In a statement, national police national spokesperson Assistant Commissioner Paul Nyathi warned drinkers against gathering outside their homes.
Cameroon’s tally ‘boomed’ on Friday when Health Minister Manaouda Malachie confirmed that 203 new cases had been recorded taking the national tally to 503 as of March 3.
Meanwhile, African leaders have been holding virtual meetings to put together a continental response to the pandemic which has seen its statistics – cases, deaths, recoveries – growing in the last two weeks.
Rwandan president Paul Kagame called it a “productive conference call chaired by AU Chair President Cyril Ramaphosa,” according to him, the discussions centered on the need to speak with a common voice and seek Africa’s best interest.

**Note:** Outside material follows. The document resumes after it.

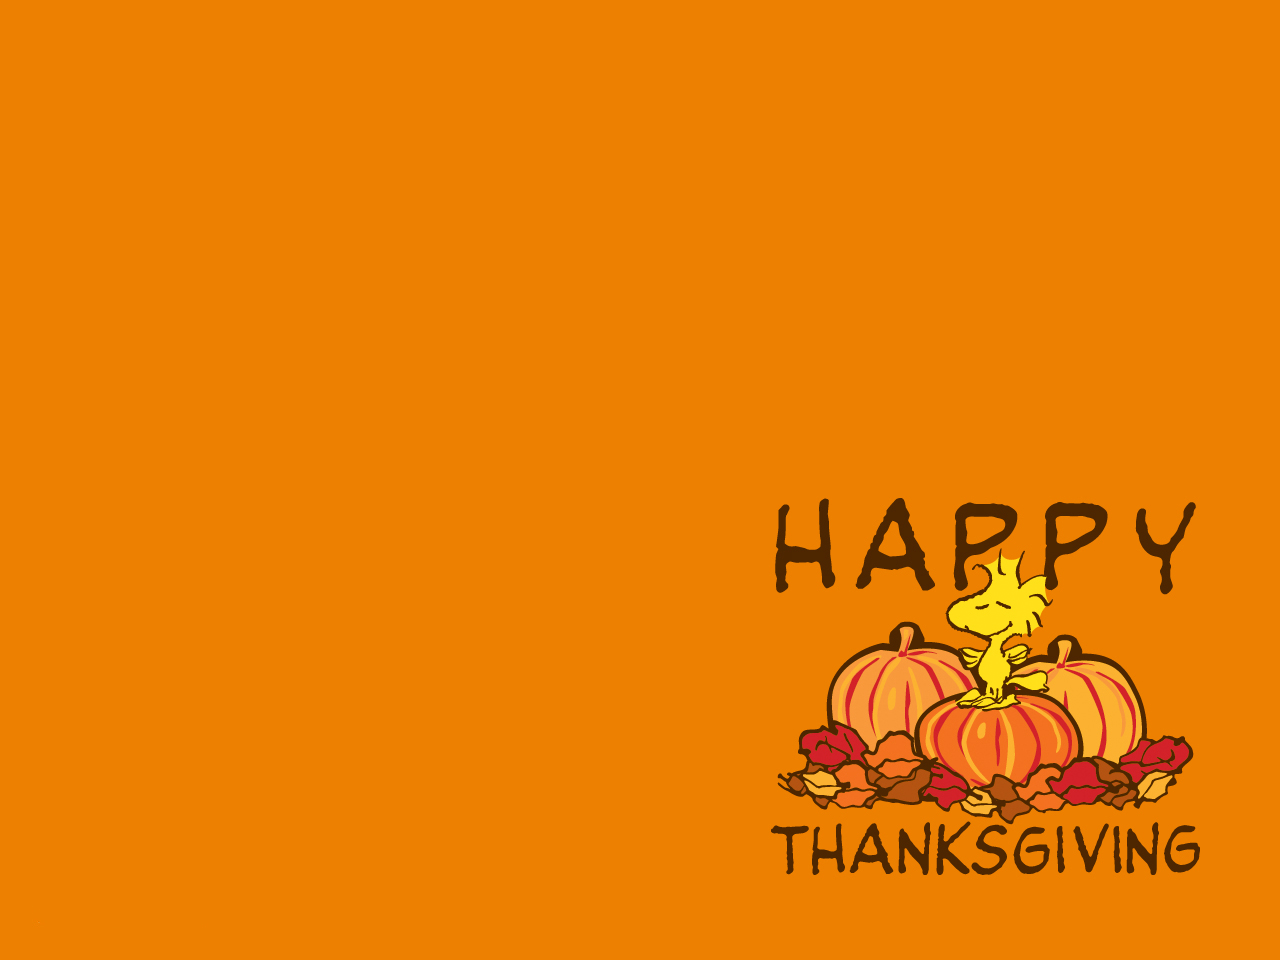 Thanksgiving Day 2012 Free HD Thanksgiving Wallpapers for iPad and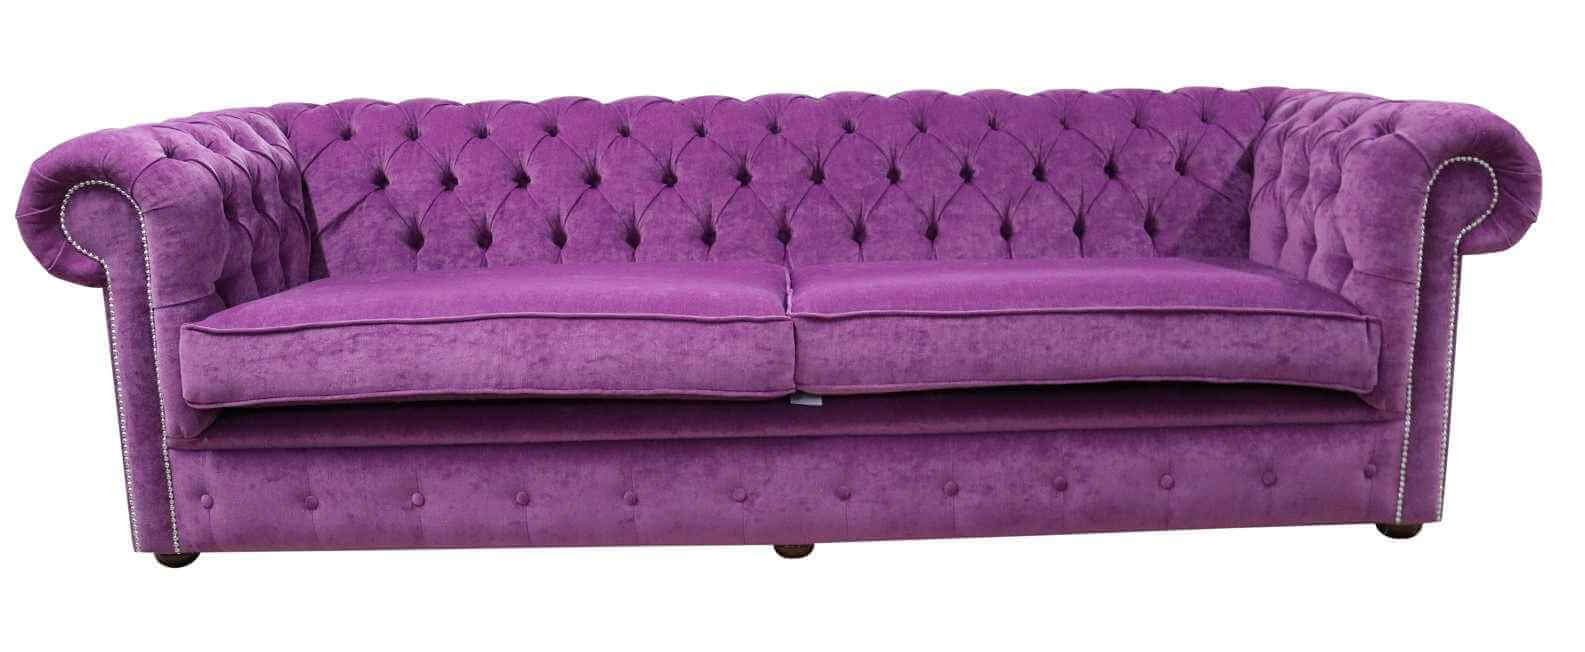 Selling Your Chesterfield Sofa Finding a New Home for Timeless Elegance  %Post Title

“We discussed the need for Africa to stand together,speak with one voice and work through our institutions to mobilize resources and harmonize the support from international partners. Thank you to initiatives by African institutions such as African Development Bank and Africa Exim Bank for their support
“The meeting stressed the urgency & need to materialize all commitments swiftly and flexibly. Through coordinated action, we can succeed in mitigating the health and economic impact of COVID-19 on our population.
“The loss of and damage to life and economy globally and particularly in Africa is colossal….and so must be the amounts of energy and financial package(s) to bring things back to normal and beyond,” Kagame wrote on Twitter.
Some African leaders who participated included Senegal’s Macky Sall, Kenya’s Uhuru Kenyatta, Zimbabwe’s Emmerson Mnangagwa, DRC’s Felix Tshisekedi, Mali’s Ibrahim Boubakar Keita, Egypt’s Abdel Fatteh Al-Sisi and Ethiopian Prime Minister Abiy Ahmed.
The African Union Commission chief Moussa Faki Mahamat and WHO boss, Tedros Ghebereyesus were also part of the meeting. “We were joined later by President Emmanuel Macron, a good partner for Africa,” Kagame added.
The Namibian president on Friday disclosed that he had held talks with his Chinese counterpart as part of efforts to strengthen Africa’s response to COVID-19. “I also expressed gratitude to President XI for China’s support and care of over 500 Namibian students in Wuhan and China during this pandemic,” Hage Geingob added.
Meanwhile South Africa’s Health Minister says the country is formally going to seek assistance from Cuba and China on managing the pandemic. Nigeria also confirms that it is awaiting a medical team from China to support its response to the virus.